##### Material to process

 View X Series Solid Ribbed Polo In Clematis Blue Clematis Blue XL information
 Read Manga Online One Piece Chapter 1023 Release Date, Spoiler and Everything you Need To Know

##########
##### Material to process

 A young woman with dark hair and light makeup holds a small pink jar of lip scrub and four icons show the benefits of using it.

##########
##### Material to process

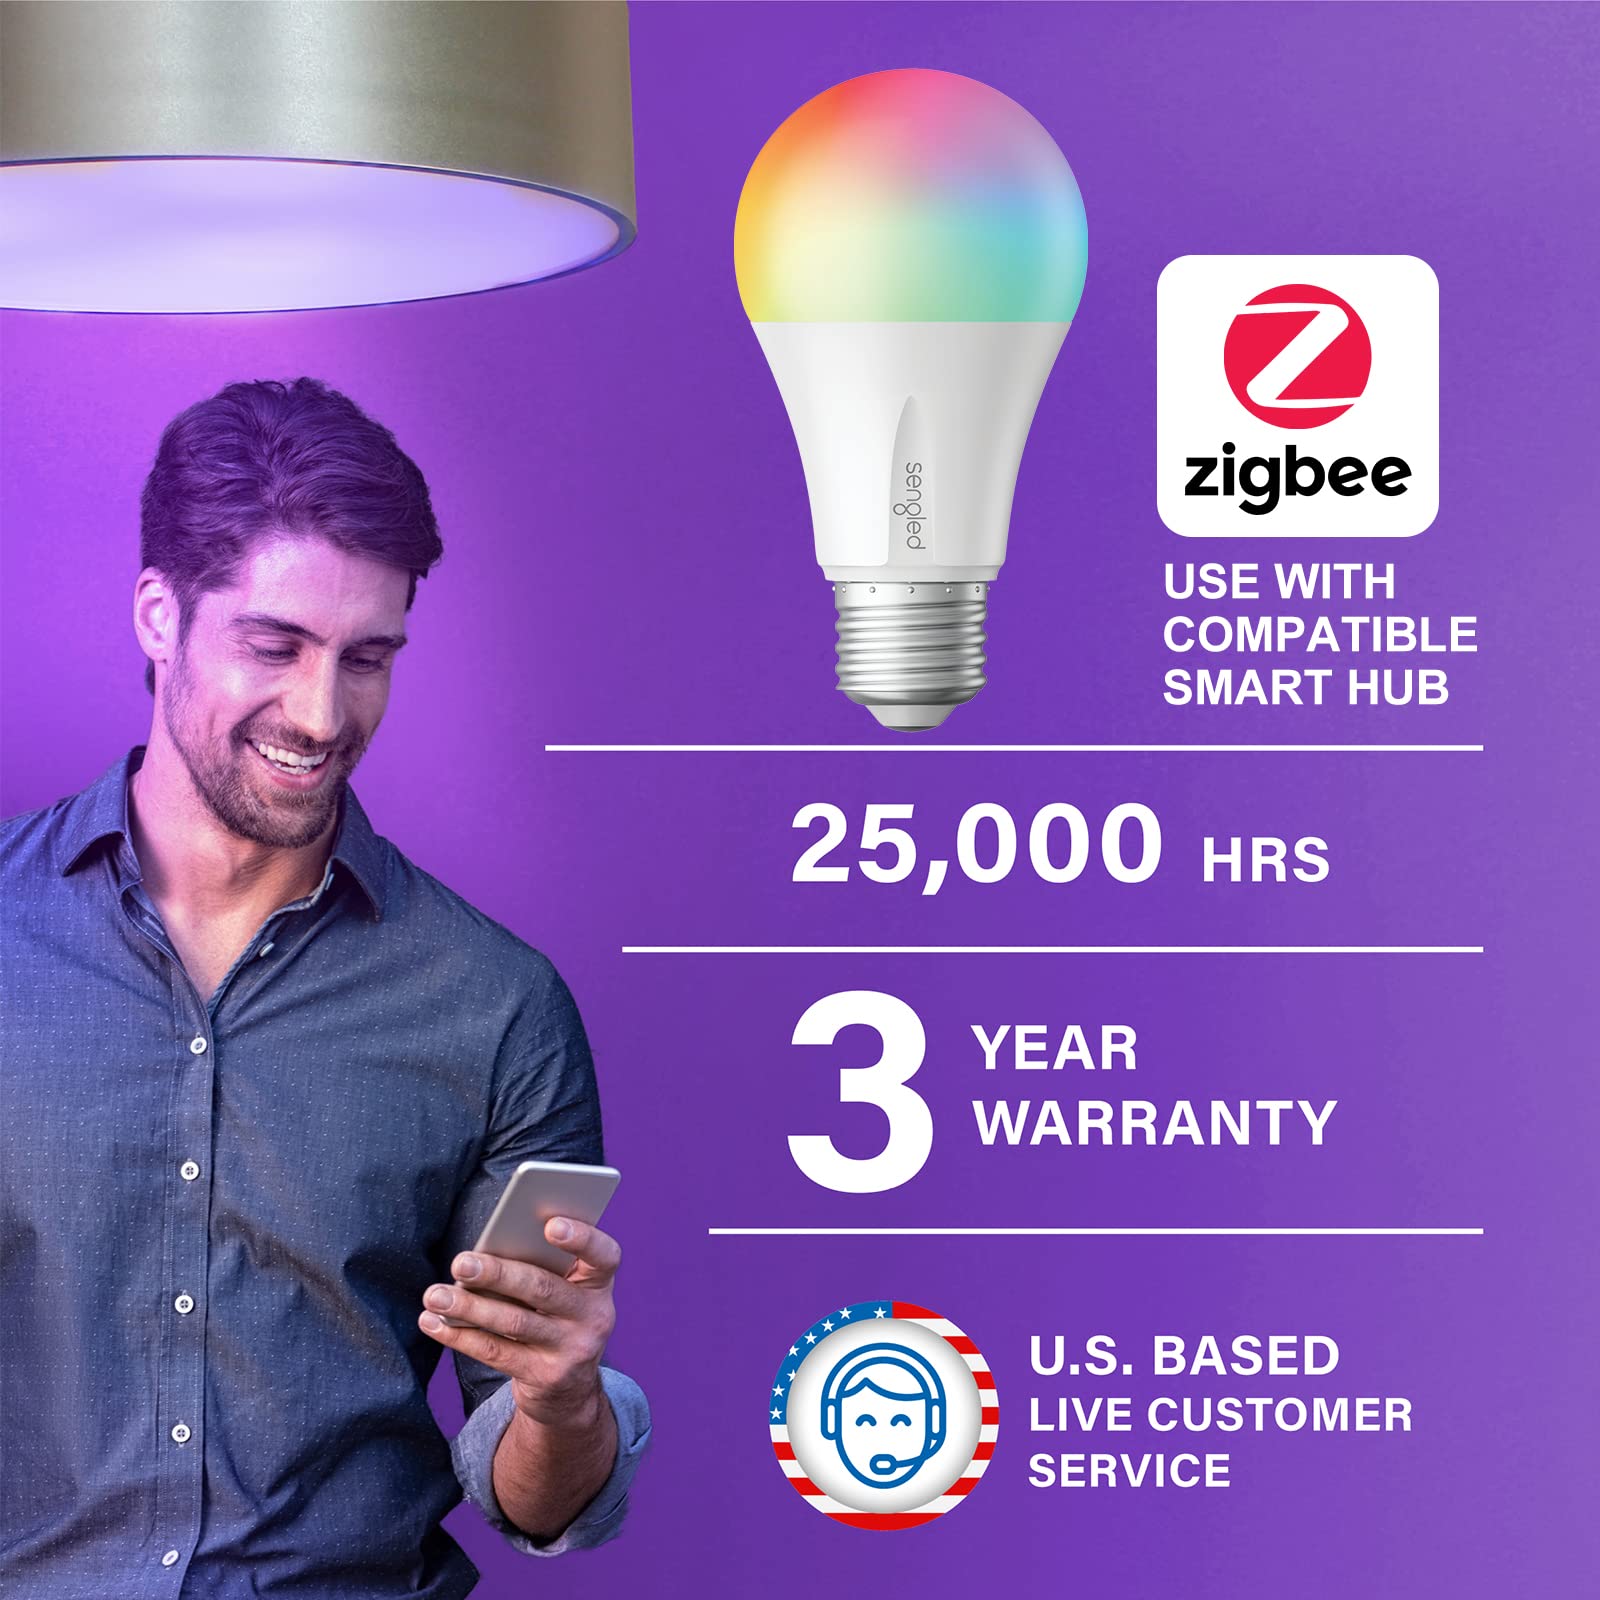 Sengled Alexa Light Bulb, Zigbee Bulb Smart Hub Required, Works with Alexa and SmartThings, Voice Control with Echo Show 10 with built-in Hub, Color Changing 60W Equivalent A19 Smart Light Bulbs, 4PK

##########

* [What to work on]:
Using the material above, transcribe exactly the lines from the line with "View X Series" to the line with "Read Manga Online"; both count, and nothing else goes in.

* [Answer below]:
 View X Series Solid Ribbed Polo In Clematis Blue Clematis Blue XL information
 Read Manga Online One Piece Chapter 1023 Release Date, Spoiler and Everything you Need To Know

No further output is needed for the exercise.